On Thu, Sep 26, 2013 at 4:46 AM, Andrew Wilkins <
andrew.wilkins at canonical.com> wrote:

> On Thu, Sep 26, 2013 at 3:20 AM, William Reade <
> william.reade at canonical.com> wrote:
>
>>  I think that conceptually, "capability" makes sense for some things
>>>> more than job/role. In particular, "has the ability to manage firewalls"
>>>> seems better expressed as a capability than as a job. However, I don't
>>>> think it's really worthwhile changing code to match. A capability can be
>>>> expressed as a job, even if it's *slightly* awkward. The fact that we're
>>>> giving a machine-agent the job "ManageFirewall" implies that it has that
>>>> capability.
>>>>
>>>
>> It's not so much how we express the fact as *where* we express it. If the
>> only way we store important *environment* properties is by tacking them
>> onto a (particular, special) *machine* I think we're setting ourselves up
>> for trouble.
>>
>
> I think I misunderstood you before. Are you advocating something like this?
>  - When bootstrapping, store all the environment's capabilities into the
> environ doc in state.
>  - AddMachine/InjectMachine is called with a role (say, StateServer, or
> MachineAgent; is it just a boolean flag?), rather than jobs.
>  - The state package will load capabilities from mongo, and translate role
> & capabilities to machine-specific jobs.
>

Yes, I think that covers it.

> Yes, sorry if I wasn't clear about that; I was only suggesting that the
> jobs be added to agent.conf for bootstrapping. Apart from that, jobs will
> come through the API as usual.
> If I'm reading your suggestions correctly, though, it sounds like jobs
> won't go through the bootstrap agent.conf at all. but environment
> capabilities would be.
>

Perfect; and, yes, I think the right language at bootstrap time is
capabilities.

Backwards-incompatible schema upgrades don't necessarily have to be handled
> straight away; if we get the rest of it in place, then state-lockout can be
> guaranteed when everything is behind the API. It might be feasible to do
> all the above list, but in (3) just make the jobs changes in machine docs.
> That should be doable without colliding with other DB connections. Even if
> we went the "jiggery-pokery" route, the jobs need to be updated. One
> problem I see is that someone doing "juju add-machine" with older tools
> could still put a machine into state with an older/incomplete set of jobs
> for the new world. I'll have to think about it some more.
>

OK, I guess it's worth accelerating it a bit; please take a look into it
after tidying up the loose ends on the null provider work. We'll need to
stay careful going forward -- basically we always need to be prepared for
the possibility of pre-upgrade tools hitting state, so the actual DB
changes might not be sensible -- but given that we *know* we need this
structure in place before the weight of the jiggery-pokery becomes
overwhelming it'll be valuable to get it into place in parallel.

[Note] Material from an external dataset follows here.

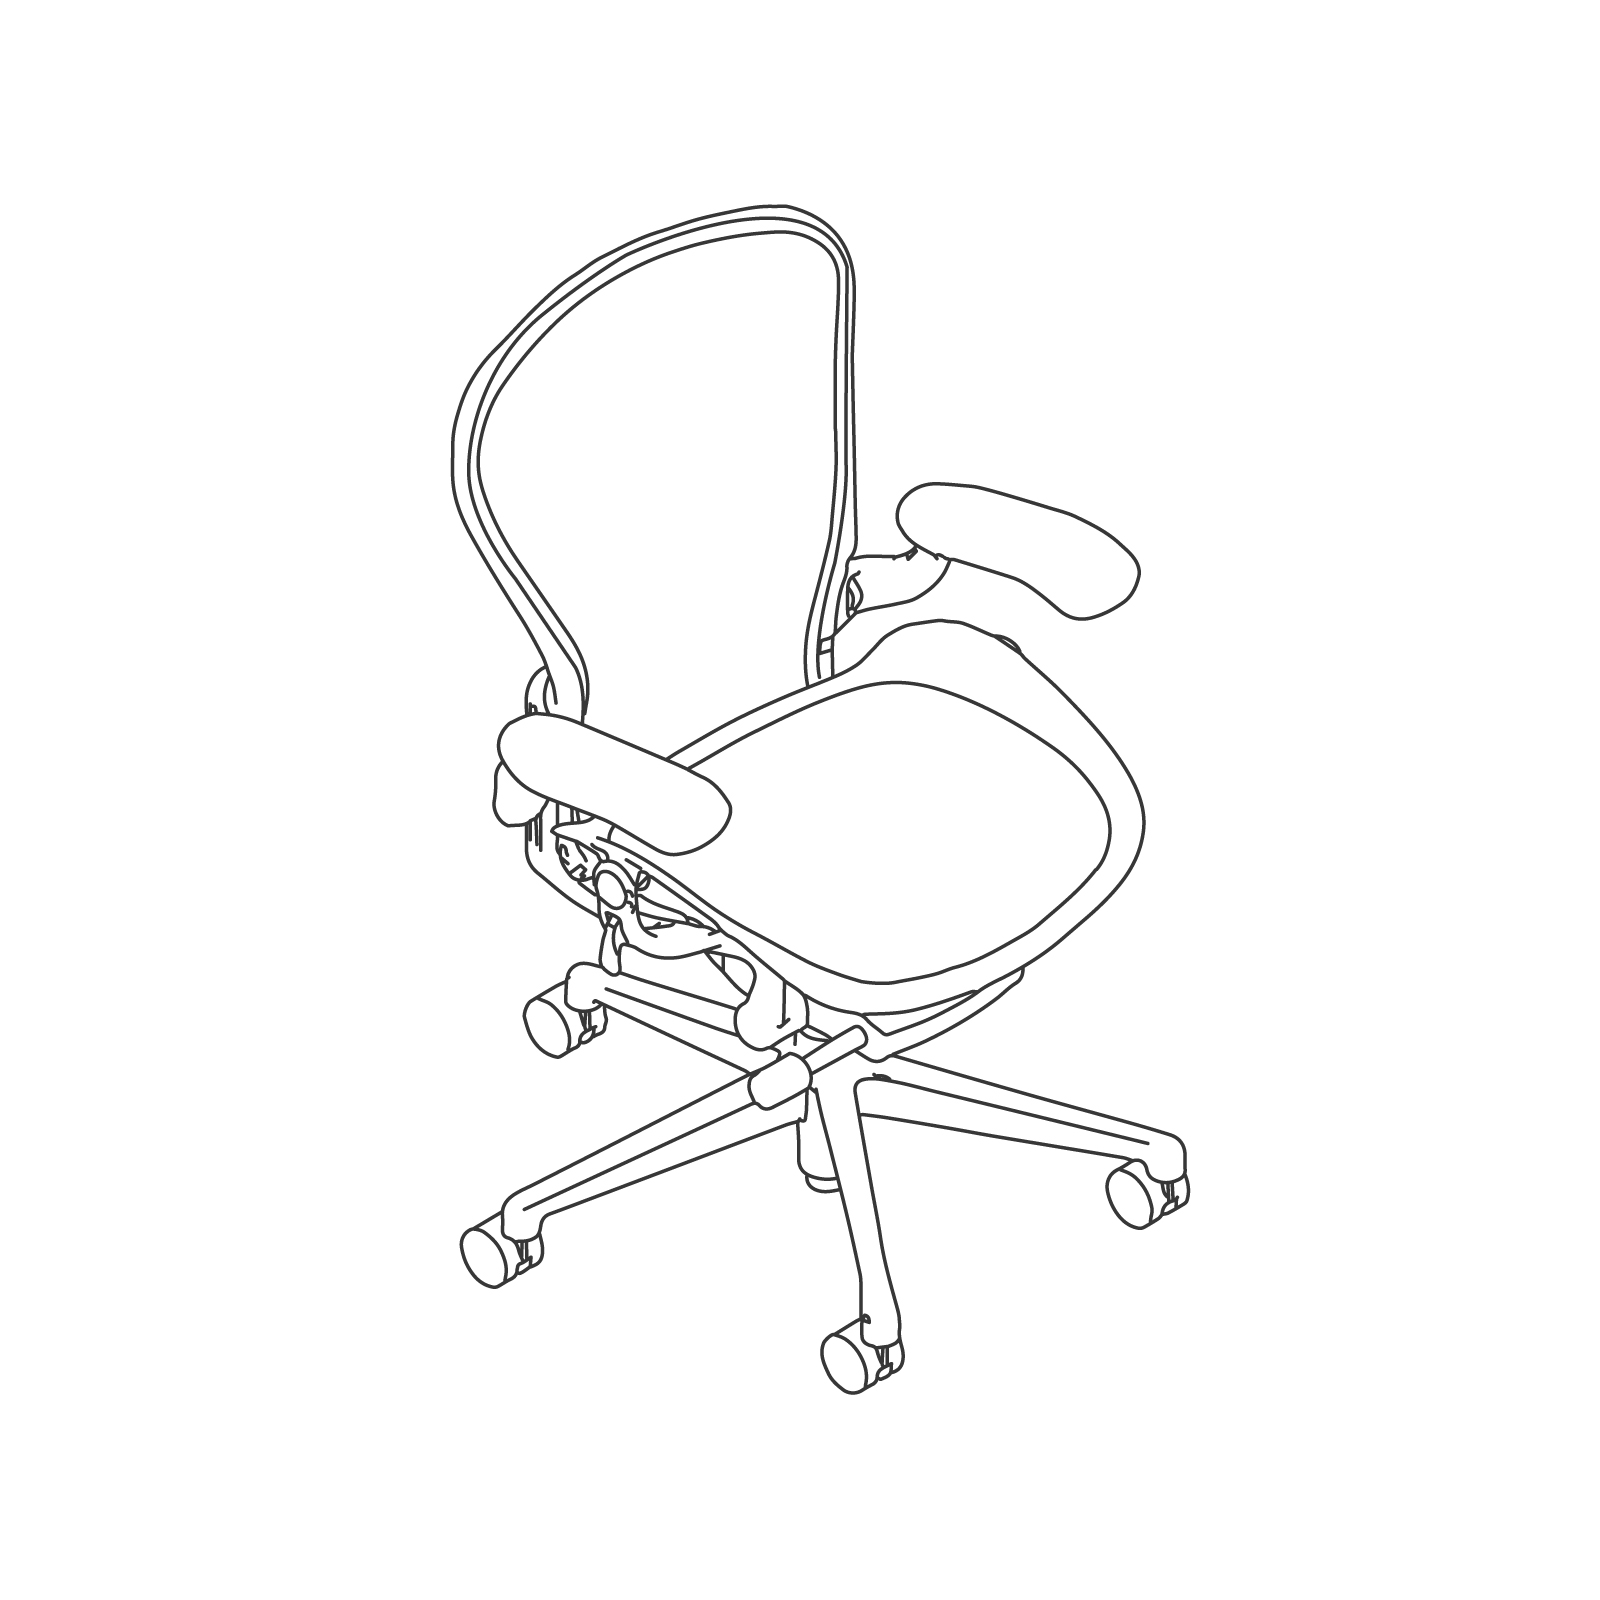 线描图 - Aeron座椅–C款–完全可调式扶手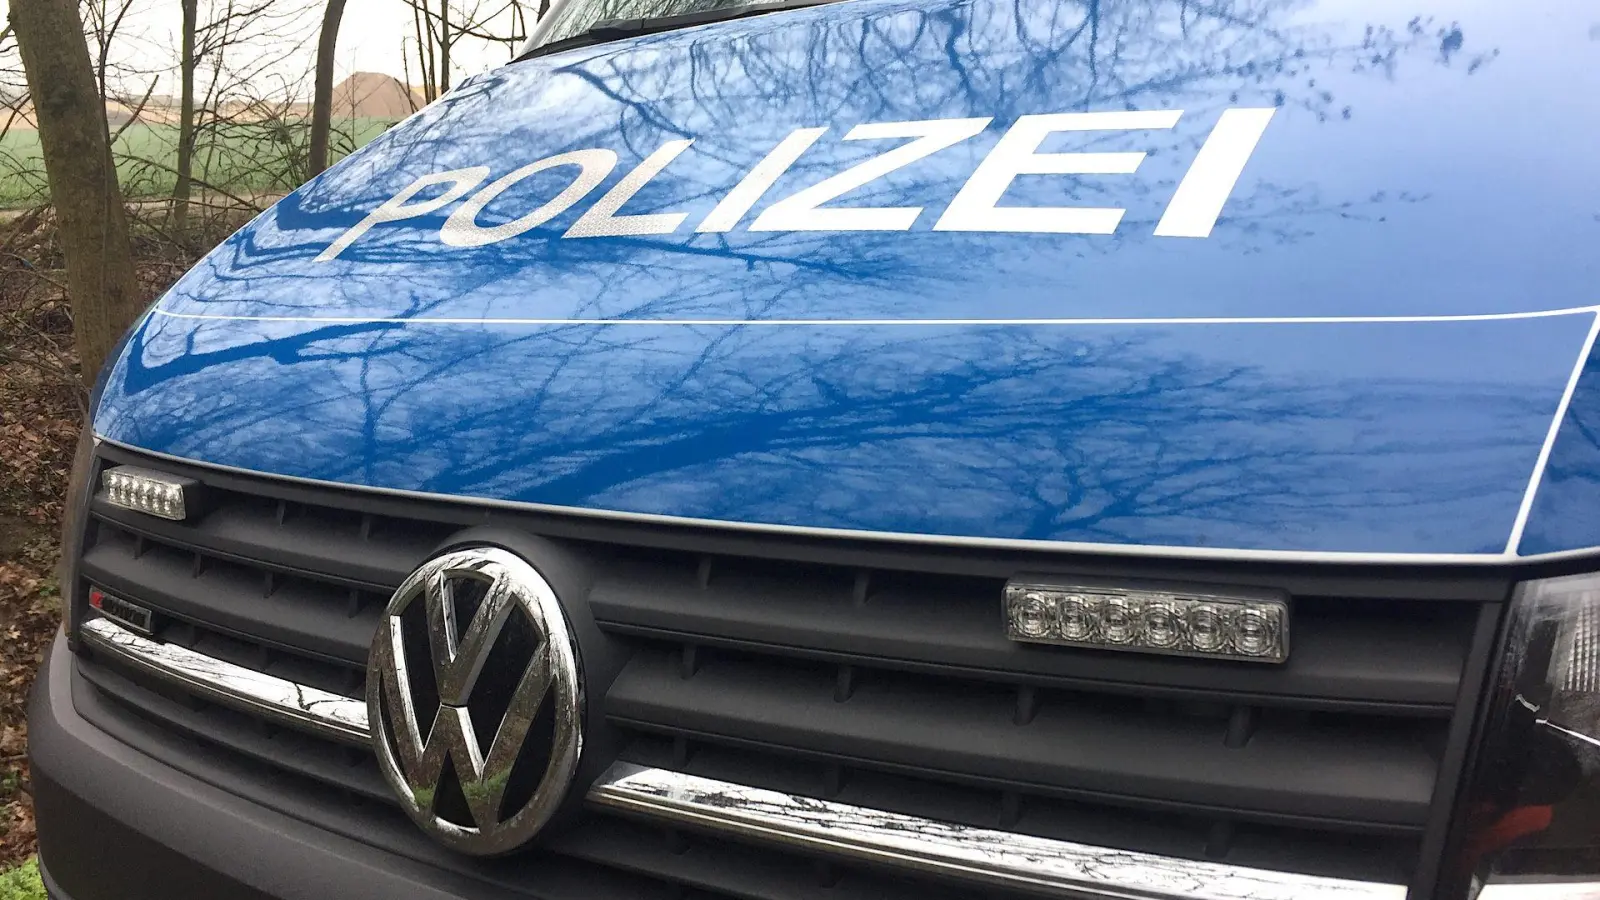 Polizei sucht 13-jähriges Mädchen aus Dahlen / Update: Mädchen wohlauf (Foto: taucha-kompakt.de)

One possibility is to *not* insert the jobs at state level, and in the API
server report either jobs+tweaks if only jobs are present, and the result
of roles+envcaps if roles are present. Keeps the dirtiness behind the API,
and leaves us a bit more freedom for a light touch on state, but we still
ofc need to be careful (we'll need to make sure envcaps are in place before
a post-upgrade AddMachine, but that seems pretty easy to deal with...
anything else spring to mind?).

Or, alternatively, we could add a Roles field and infer sensible Roles from
those machines that still have explicit Jobs stored -- basically the same
thing but at state level (without db changes). I *think* that old code
would be relatively unbothered by seeing a machine without any jobs, but
that also needs careful thought. The point is really that some degree of
jiggery-pokery remains, I think, sadly inescapable; but that we have a few
possible routes to explore for how to do it as sanely as possible.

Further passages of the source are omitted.